Dataset excerpts:
================

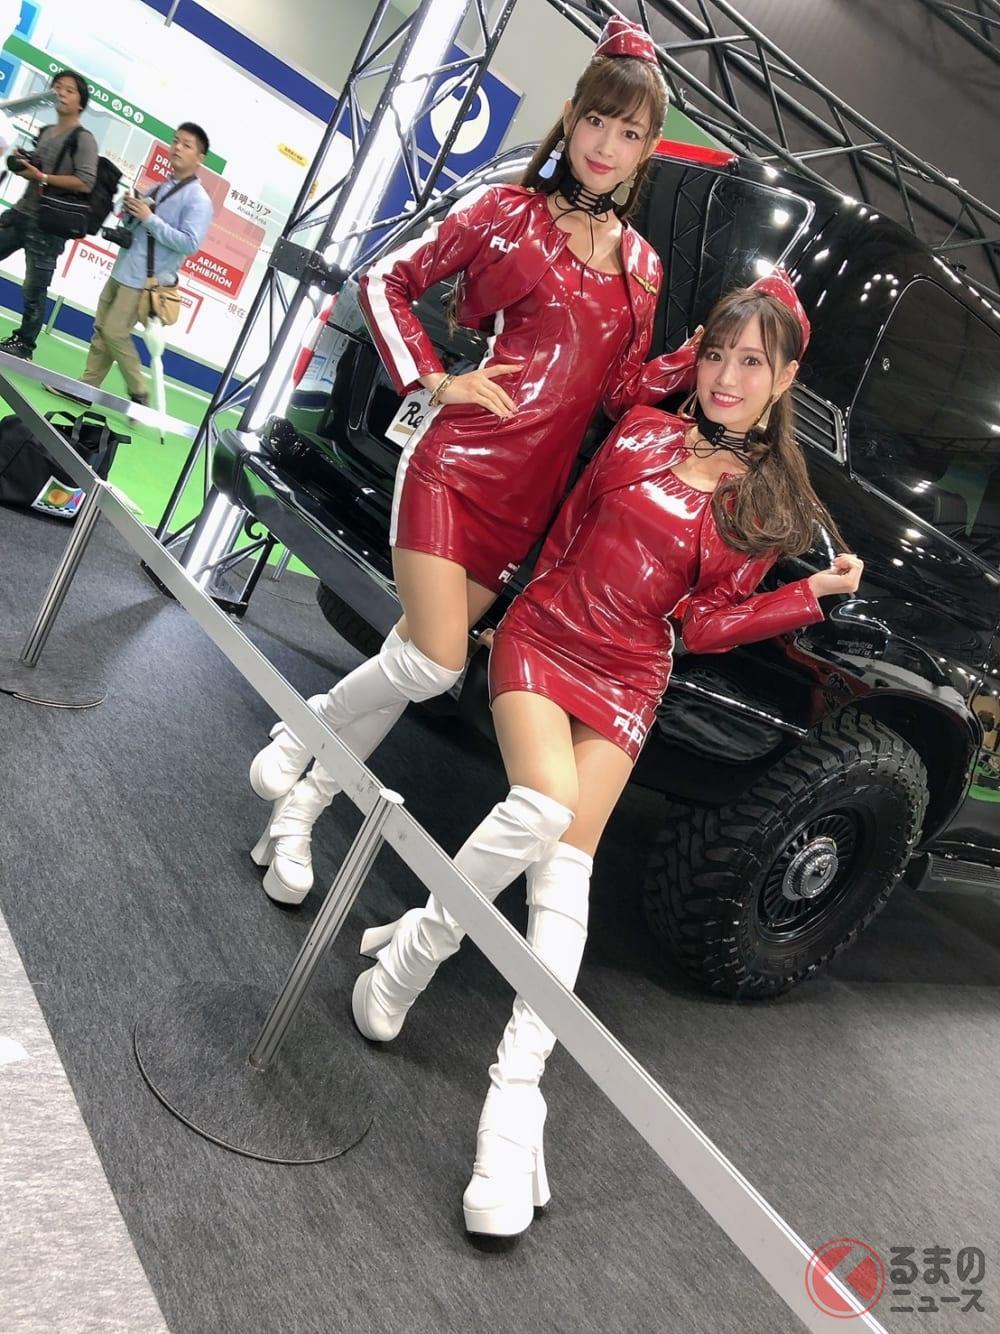 FLEXのコンパニオンは軍服オマージュのスポーティな衣装で登場!
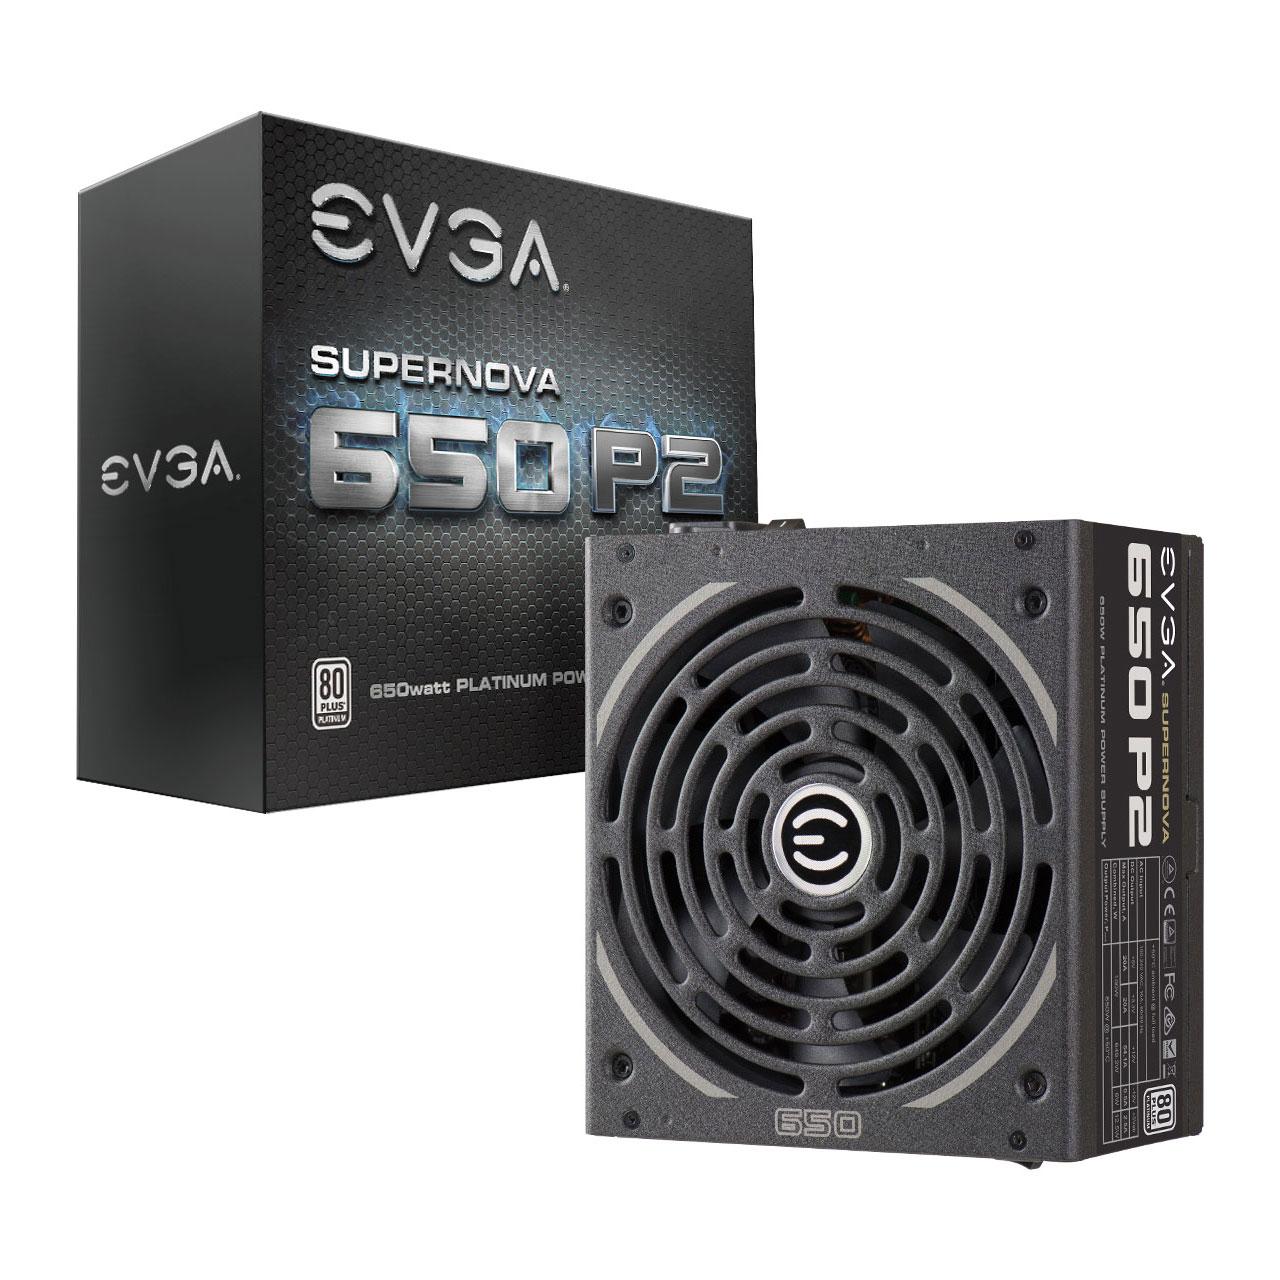 EVGA SuperNOVA 650 P2, 80+ PLATINUM 650W , Fully Modular £80.47 delivered at Scan
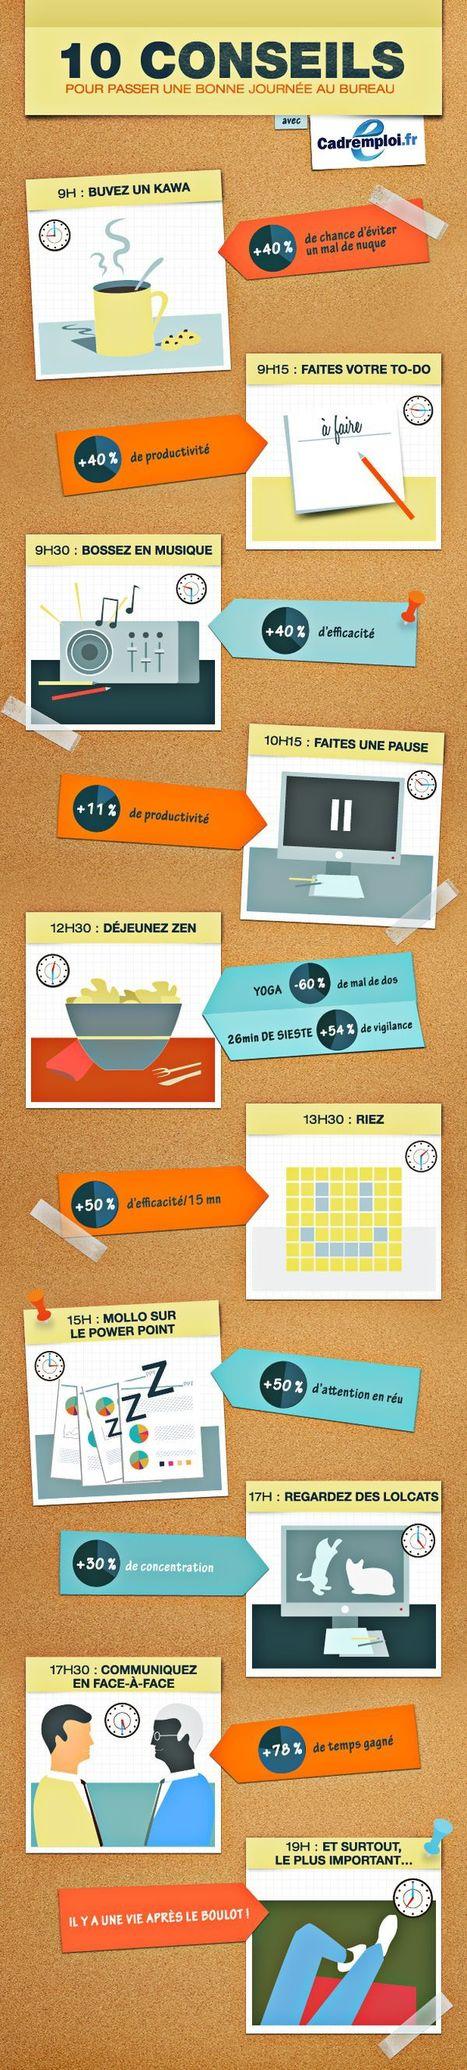 Infographie : 10 conseils pour passer une bonne journée | télétravail | Scoop.it
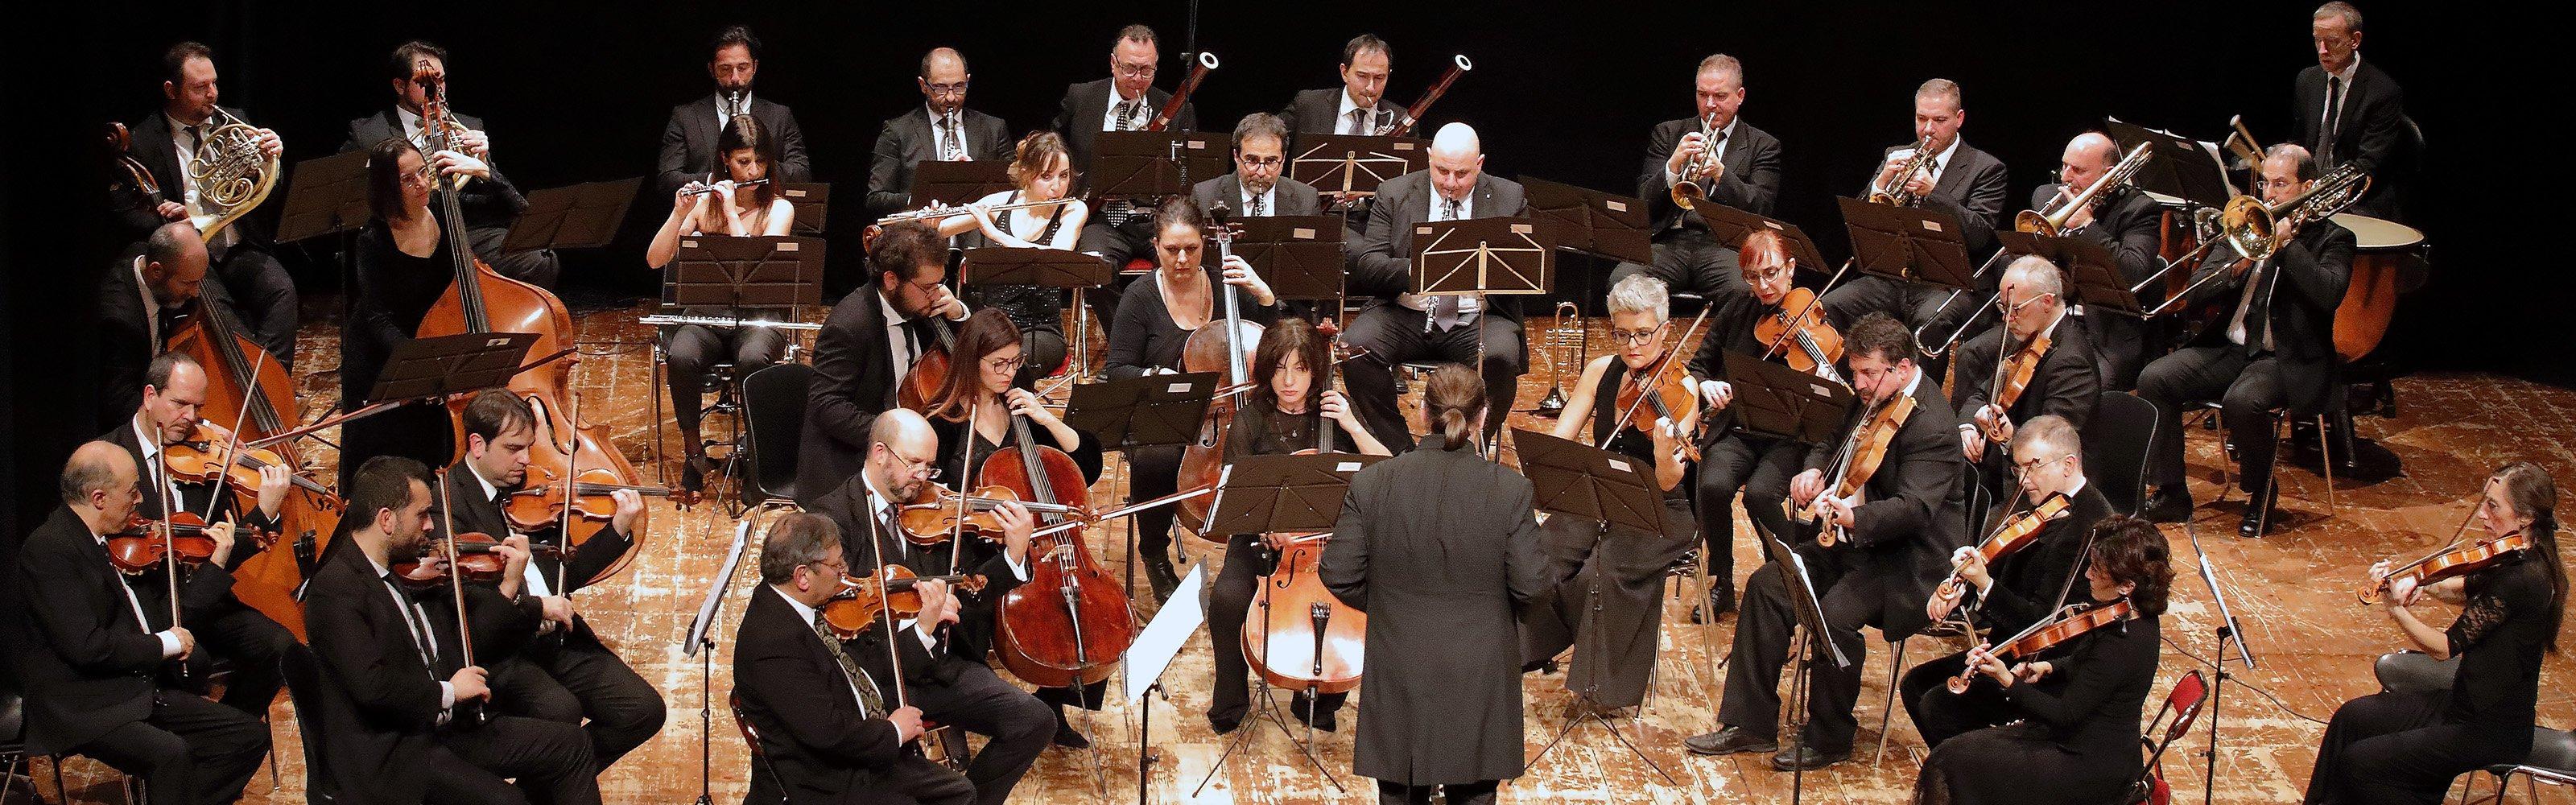 Orchestra Sinfonica Città di Roma Teatro Vittoria
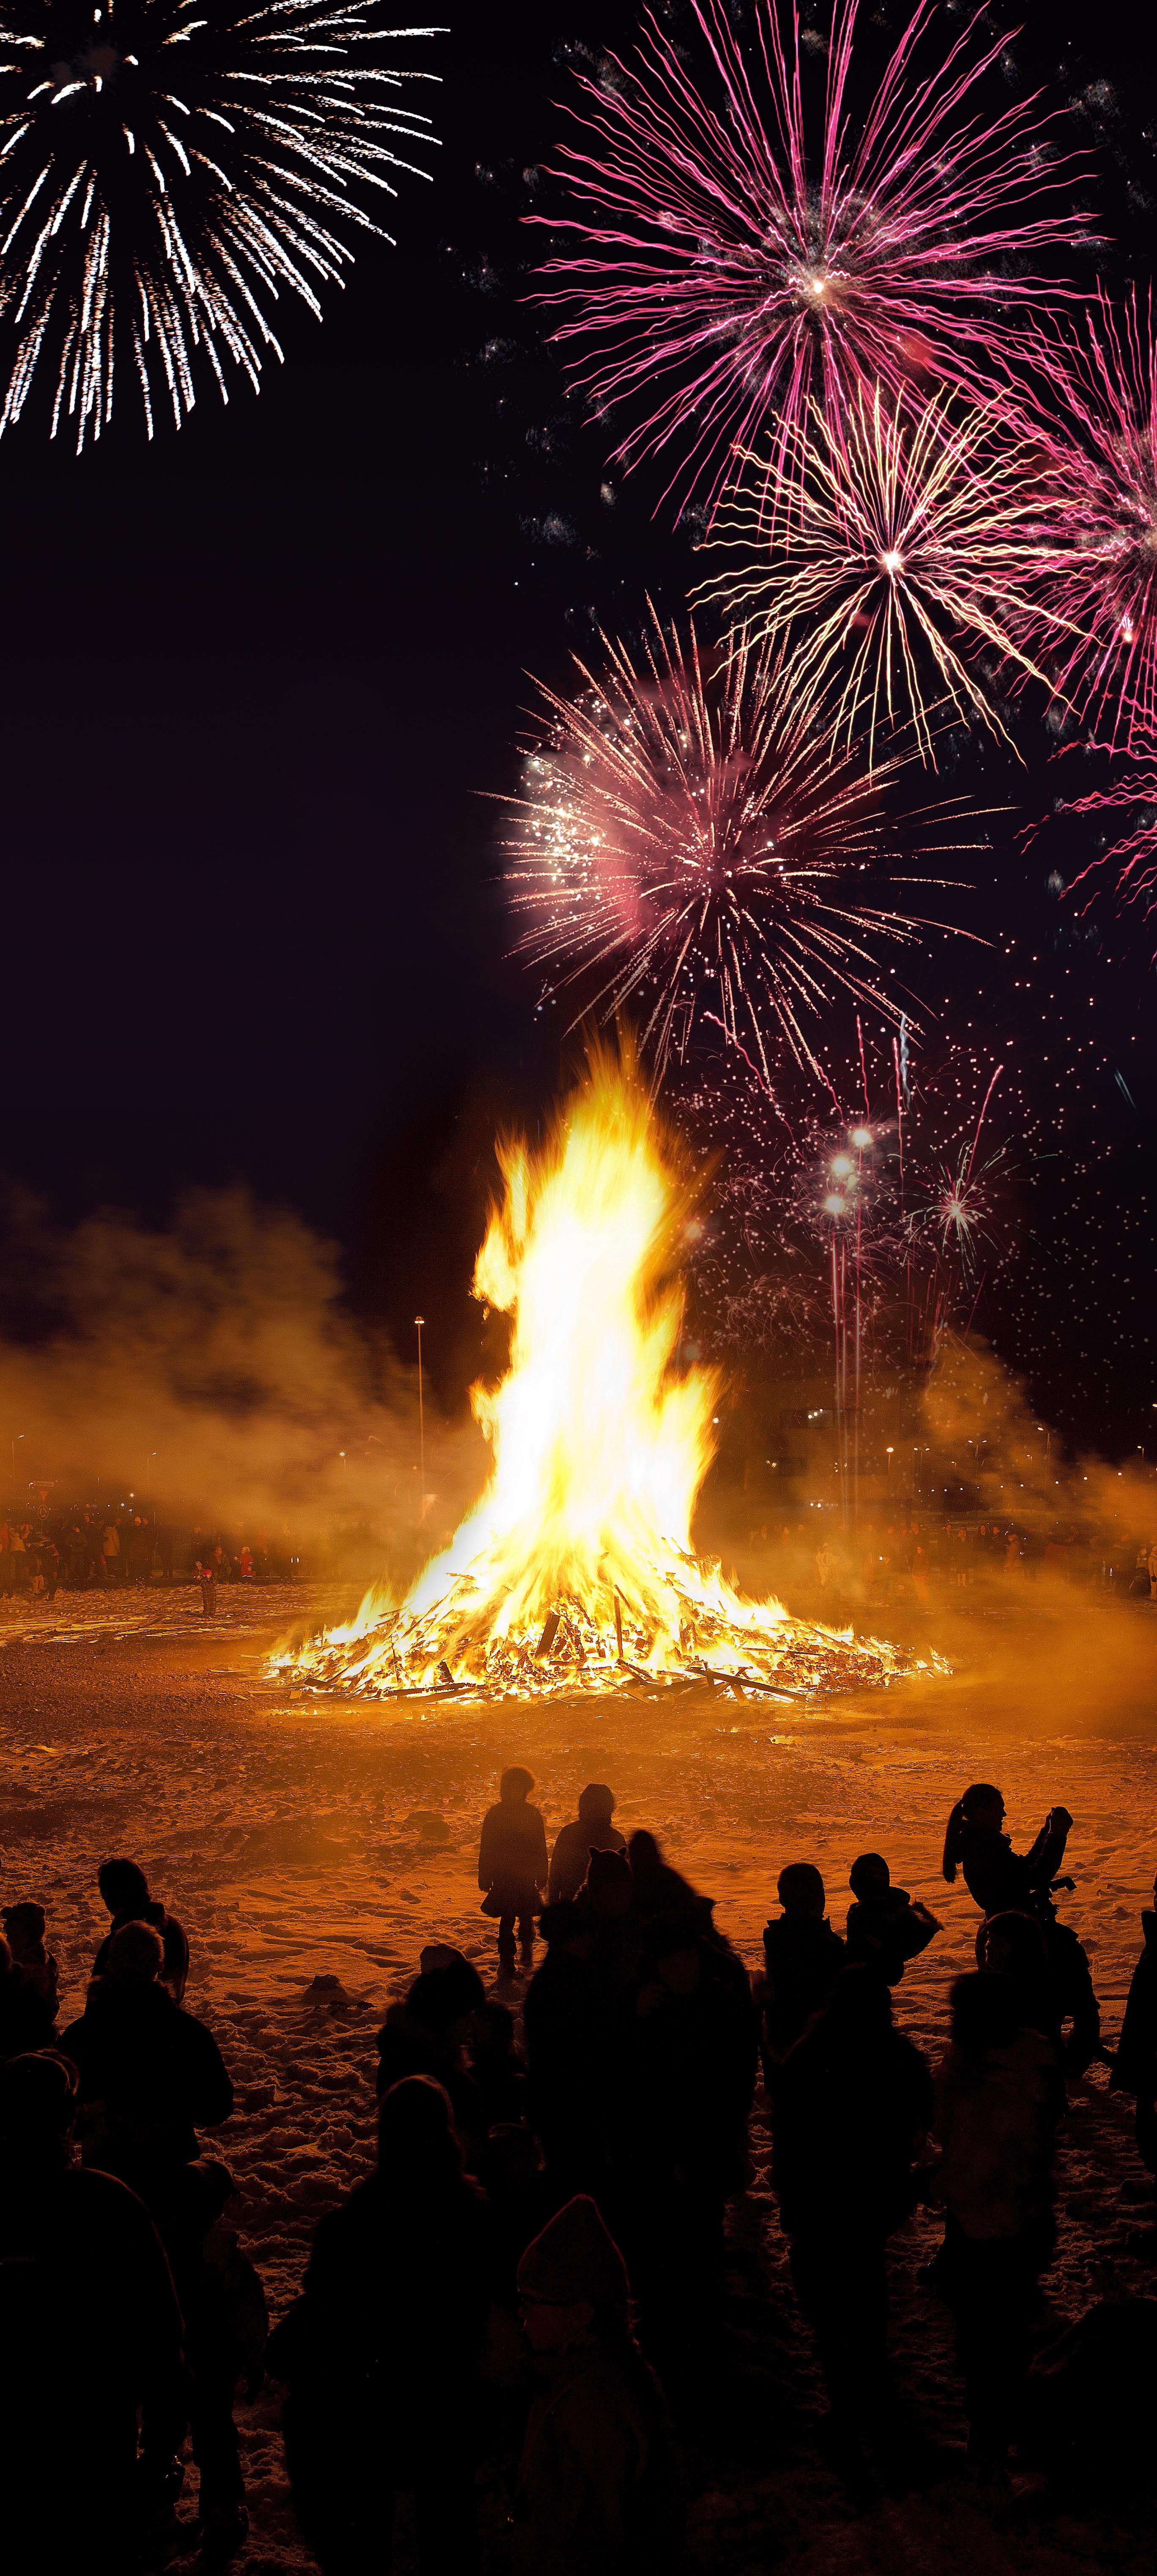 每逢新年,冰岛首都雷克雅未克各地就会燃放起烟花、点燃起篝火

================

▶ _What is required_: Each entry above should be reproduced exactly, with the pictures removed.

▶ _Task output_:
 FLEXのコンパニオンは軍服オマージュのスポーティな衣装で登場!
 EVGA SuperNOVA 650 P2, 80+ PLATINUM 650W , Fully Modular £80.47 delivered at Scan
 Infographie : 10 conseils pour passer une bonne journée | télétravail | Scoop.it
 Orchestra Sinfonica Città di Roma Teatro Vittoria
 每逢新年,冰岛首都雷克雅未克各地就会燃放起烟花、点燃起篝火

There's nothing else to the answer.